Qualche Tempo dopo il compleanno di Zen, in un parco
“I profughi son sempre più sfrontati” penso guardando Nadja, mentre entrambi ci tuffiamo dietro il muretto della pista di pattinaggio. Proiettili cadono come grandine nell’aria, nella porzione di spazio che occupavamo un secondo fa. Lei mi risponde solo con un movimento delle sopracciglia e con gli occhi sgranati.
Prendo il laptop per individuare la posizione dei profughi senza espormi, ma si è spaccato lo schermo nell’urto. Smadonno.
“Resta giù.” dico a Nadja, mettendomi carponi per guardare oltre il muro.
Quel che vedo conferma il mio giudizio: i profughi son diventati sempre più sfrontati.

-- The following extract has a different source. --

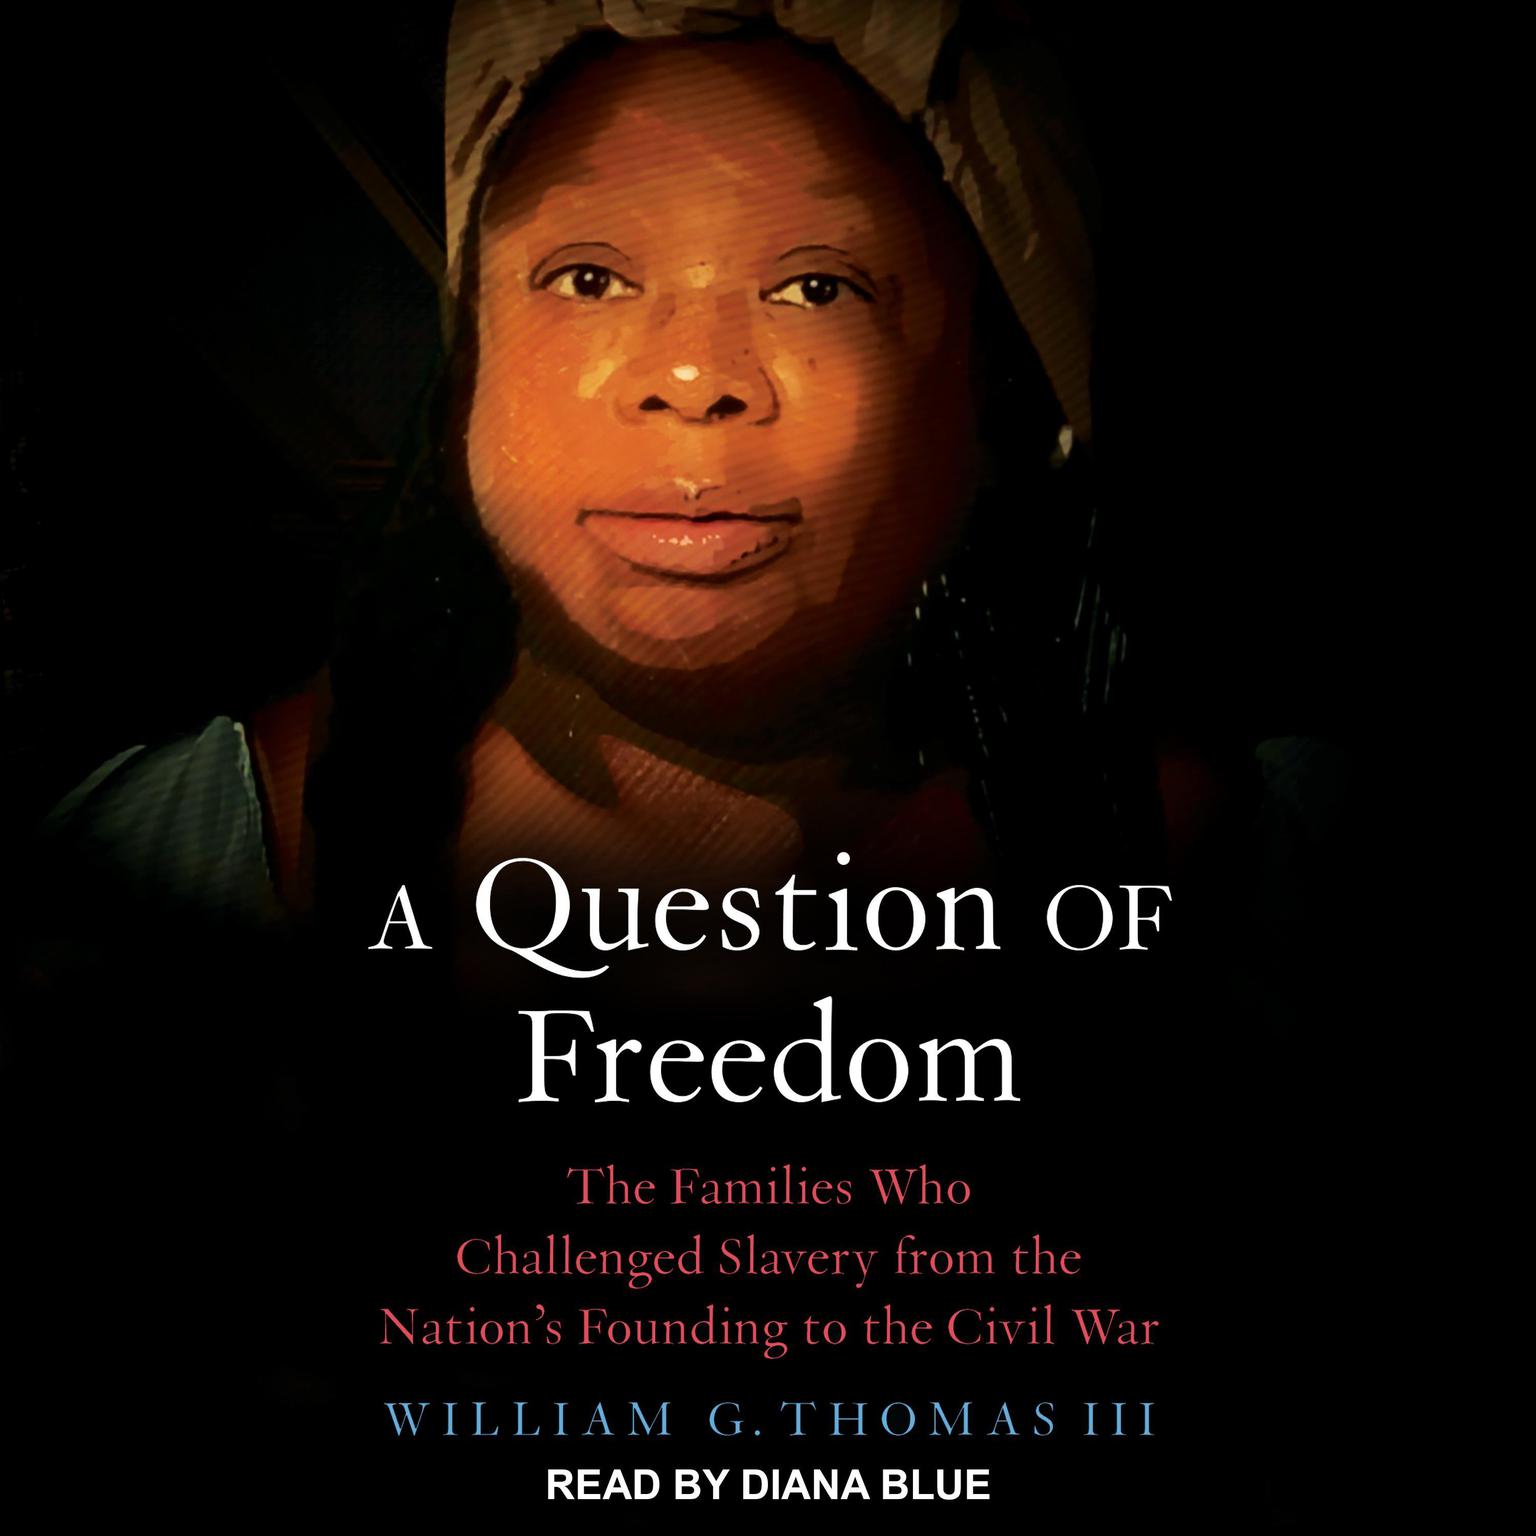 A Question of Freedom: The Families Who Challenged Slavery from the Nation’s Founding to the Civil War Audiobook, by William G. Thomas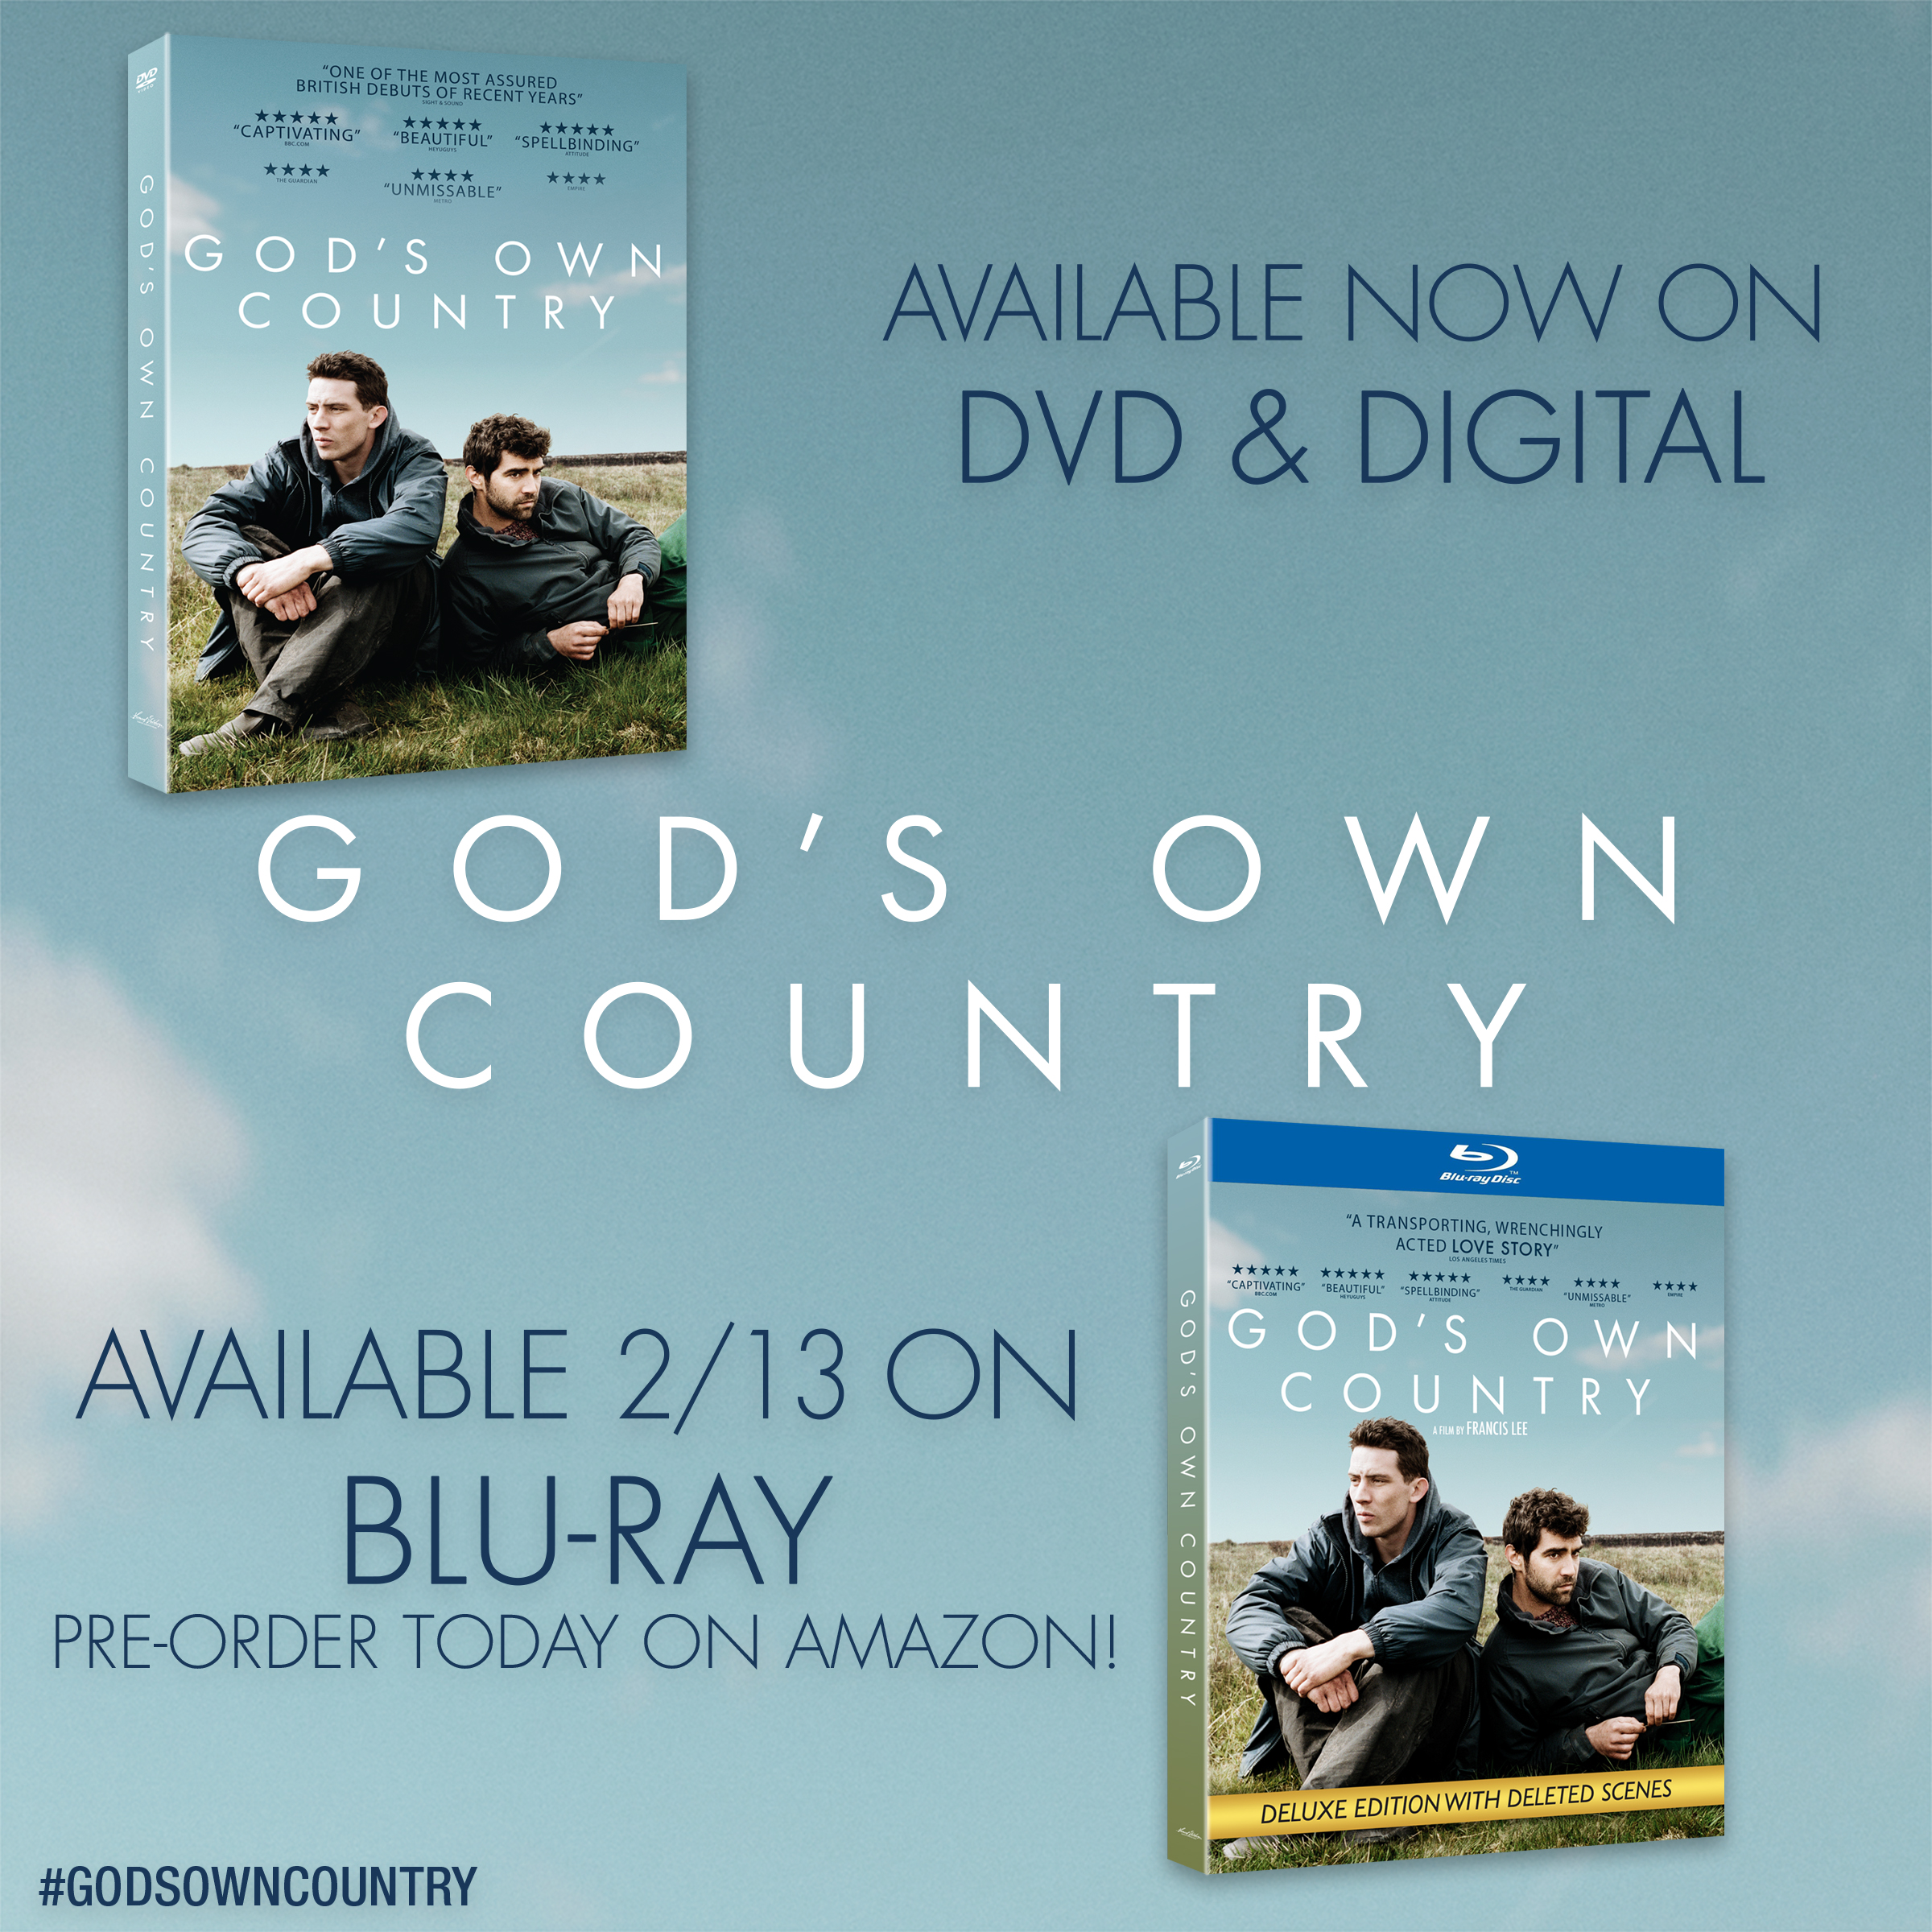 GOD'S OWN COUNTRY is NOW AVAILABLE

Adesso attaccano anche in pieno giorno e fra la folla.
Vedo i due che ci hanno puntato attraversare il prato, avvicinandosi ad armi spianate. L’uomo è uno spilungone biondo di circa vent’anni. Ha i lineamenti regolari e i capelli biondi di un principe tedesco, ma il sorriso truce e la glock che ha in mano mi dicono che, no, non si comporterà da gentleman con noi. Accanto a lui c’è una femmina di drow, armata di uzi. Centro la drow al braccio che regge l’arma, poi mi si inceppa la glock.
Lo smilzo biondo sogghigna, poi fa partire un colpo nella mia direzione. Io mi ributto a terra, cadendo su Nadja. La sento espellere rumorosamente il fiato per il colpo, ma non si lamenta. Rotolo via da lei, poi la prendo per mano e la aiuto sollevarsi. “Dove andiamo? ” mi chiede concitata, i dreadlocks che svolazzano mentre a schiena china corriamo lungo il muretto della pista di pattinaggio. “Alla macchina di Tears, ha sempre delle armi in più nel bagagliaio.” le rispondo; non ho ancora terminato la frase che sento la mano di Nadja irrigidirsi sotto la mia e fare resistenza. “Ma che cav…?” esclamo, girandomi verso di lei per capire cosa succede e vedo che guarda oltre la pista di pattinaggio, verso l’area giochi per i bambini. Seguo il suo sguardo e la vedo: è una bambina di tre o quattro anni, con la frangetta bruna e una salopette di jeans con sotto una maglietta gialla. E’ pietrificata in mezzo a questo bailamme di spari che è diventato il suo parco giochi. Ha gli occhi chiusi, strizzati; con una mano regge una bambolina di pezza contro il petto, l’altra la preme contro l’orecchio, come se il suo gesto potesse zittire il rumore degli spari. Accanto a lei, riverso per terra, c’è un uomo. Il davanti della sua camicia si sta tingendo di rosso, deve essersi preso uno dei proiettili destinati a noi.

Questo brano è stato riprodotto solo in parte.